I travelled with my wife, who is a native born Pennsylvania girl, on 
the so-called deluxe program and we had to pay everything in advance hotels 
and so forth. I spent over $65 on phone calls made by my travel agent to 
the Soviet Intourist agency in New York trying to get approval to my itinerary. 
I wanted to visit places where I spent my youth, to see the school in which I 
studied. For a long time the Soviets for some reason didn't want us to go to 
Yalta, in the Crimea, offering instead Sochi, in the Caucasus. Finally, after 
several telephone exchanges I told my travel agent, "If they won't let me go 
to Yalta I'll cancel my trip and request return of my dollars," whereupon 
they said Yalta - da. 

And something happened also when we requested to travel a portion of 
our trip within the Soviet Union by train. They insisted we go from Moscow 
to Leningrad by night train. I said we wanted to go by daylight train because 
my wife and I wanted to see the landscape. Same story. Again, I threatened 



- 538 - 

to cancel the trip and get back my dollars and again the dollar prevailed and 
we got the approval. 

Before our departure I took certain precautionary measures. First, 
there was the timing of our trip. My wife and I went to the Soviet Union 
just before the planned visit there by former President Nixon. I knew it would 
be the safest time for me to go there since the KGB wouldn't date to create 
an incident with an American tourist at that time. Secondly, I called a good 
friend at the State Department, who was for three years first secretary of 
our embassy in Moscow, and personal interpreter in the past for our three past 
presidents in their conversations with Soviet bosses, including Khrushchev and 
Brezhnev. This man some time ago was a member of my family. He told me over 
the phone that if in my case the Soviets granted me a visa in spite of my 
past they wouldn't touch me, but he strongly advised me upon arrival in Moscow 
to go to our embassy and leave there a detailed itinerary and be on the alert 
for provocations involving selling dollars on the black market, or buying 
icons or antique objects outside the special Intourist stores. 

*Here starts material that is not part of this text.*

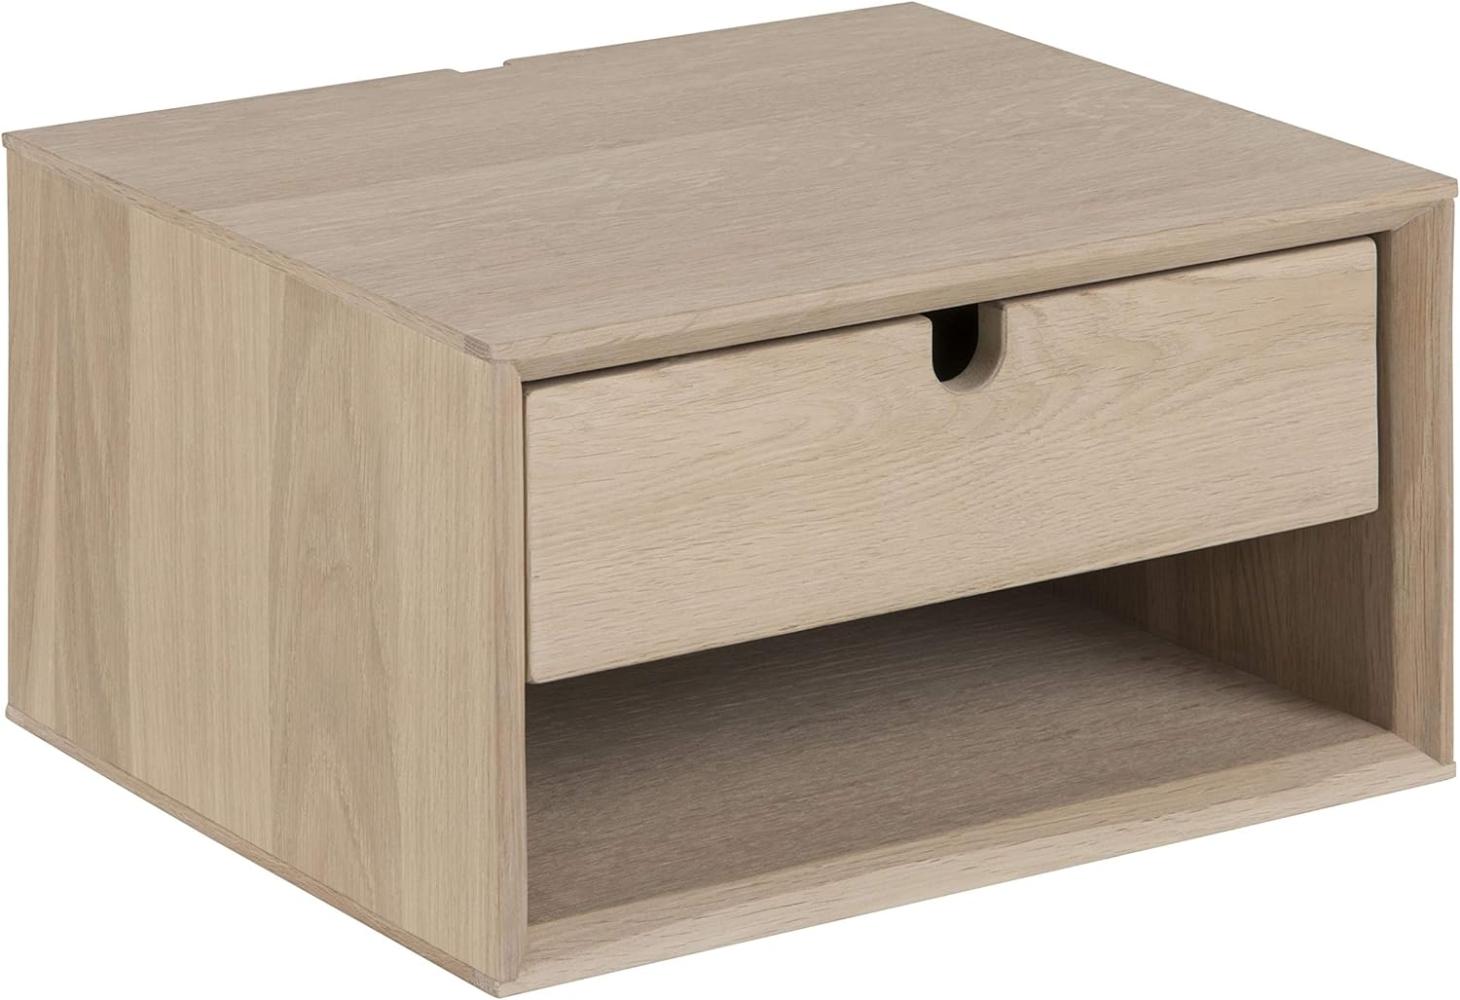 AC Design Furniture Lena Nachttisch aus Holz für Wandmontage, Beistelltisch mit 1 Schublade, Wandregal fürs Schlafzimmer, B: 37 x T: 32 x H: 21 cm, Eiche Furnier, 1 Stk. Bild 1
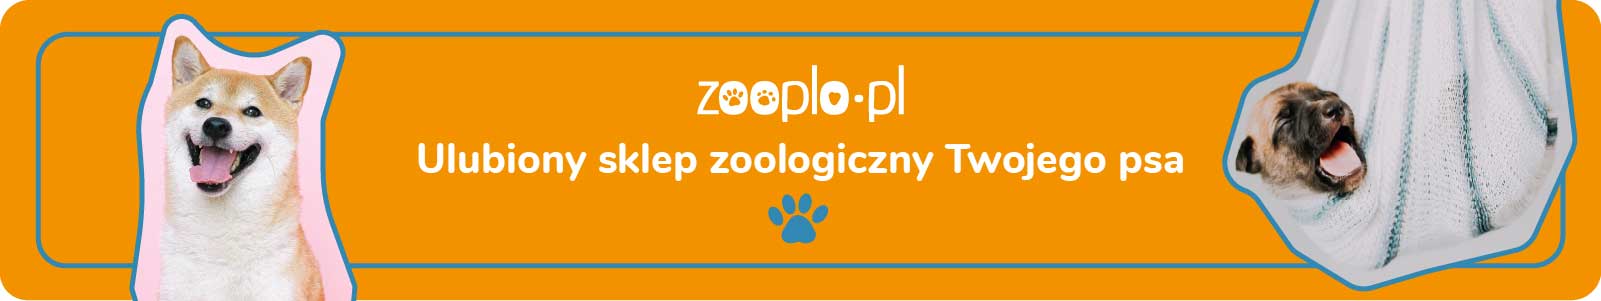 zooplo.pl - ulubiony sklep zoologiczny Twojego psa

My friend in Washington also advised that we travel on the deluxe plan 
which he felt would be better than with a large group of tourists. 

We flew to Moscow from New York by Pan-Am, making a short stop at 
Amsterdam. When the pilot announced that we were descending at Moscow, at 
Sheremetevo International Airport, my heart started to beat faster. I was 
about to revisit the homeland of my ancestors which I had left 54 years before. 

When we were stepping down from the plane I noticed a man in a dark 
suit watching closely the disembarking passengers and looking closely at a 
piece of paper he held in his hand. As soon as Tekla and I appeared on the 
steps he shouted in England: "Mr. and Mrs. Albov?" He told us to follow him 
to the air terminal, separating us from the rest of the passengers. My 
heart sank. Was I already in the KGB's clutches? But the man was polite, he 



- 539 - 

said he just wanted to help us pass faster through passport control and 
customs. When we reached a desk manned by a sergeant of border troops, which 
are under the KGB, the young sergeant looked at my passport then at me several 
times shaking his head. Finally, I couldn't stand it anymore and decided to 
break the impasse by addressing him in my fluent Russian. "Is there any 
problem, Sergeant, with my passport?" When the man heard me talking Russian 
he almost jumped. 

"You speak Russian?" 

"Yes, I do." 

"Then there is no problem." He hurriedly stamped my and Tekla's passport 
and let us pass, smiling at us. So the trick worked. I repeated it again 
passing through the customs. Again a surprise and fast action. Our suitcases 
were not even opened. 

Chapter 78 Scenario XII 

I ended that story with a strange thing that happened to my suitcase 
upon arrival in Moscow. Passenger luggage was coming from the plane in small 
carriages, and after all suitcases were brought from the plane I realized that 
my suitcase wasn't there. I started to ask questions and got some stupid 
answer that probably it was not put on the plane in New York. I told them in 
Russian that this was nonsense since my wife's suitcase was there. After 
waiting a half an hour finally the man who handled luggage said, "Oh, they 
are bringing four more suitcases from the plane." One of them was mine. In 
all of the excitement of the arrival in Moscow I didn't think much of this, 
but later I learned from knowledgeable people that luggage of so-called special 
visitors is screened before it is ready for customs. 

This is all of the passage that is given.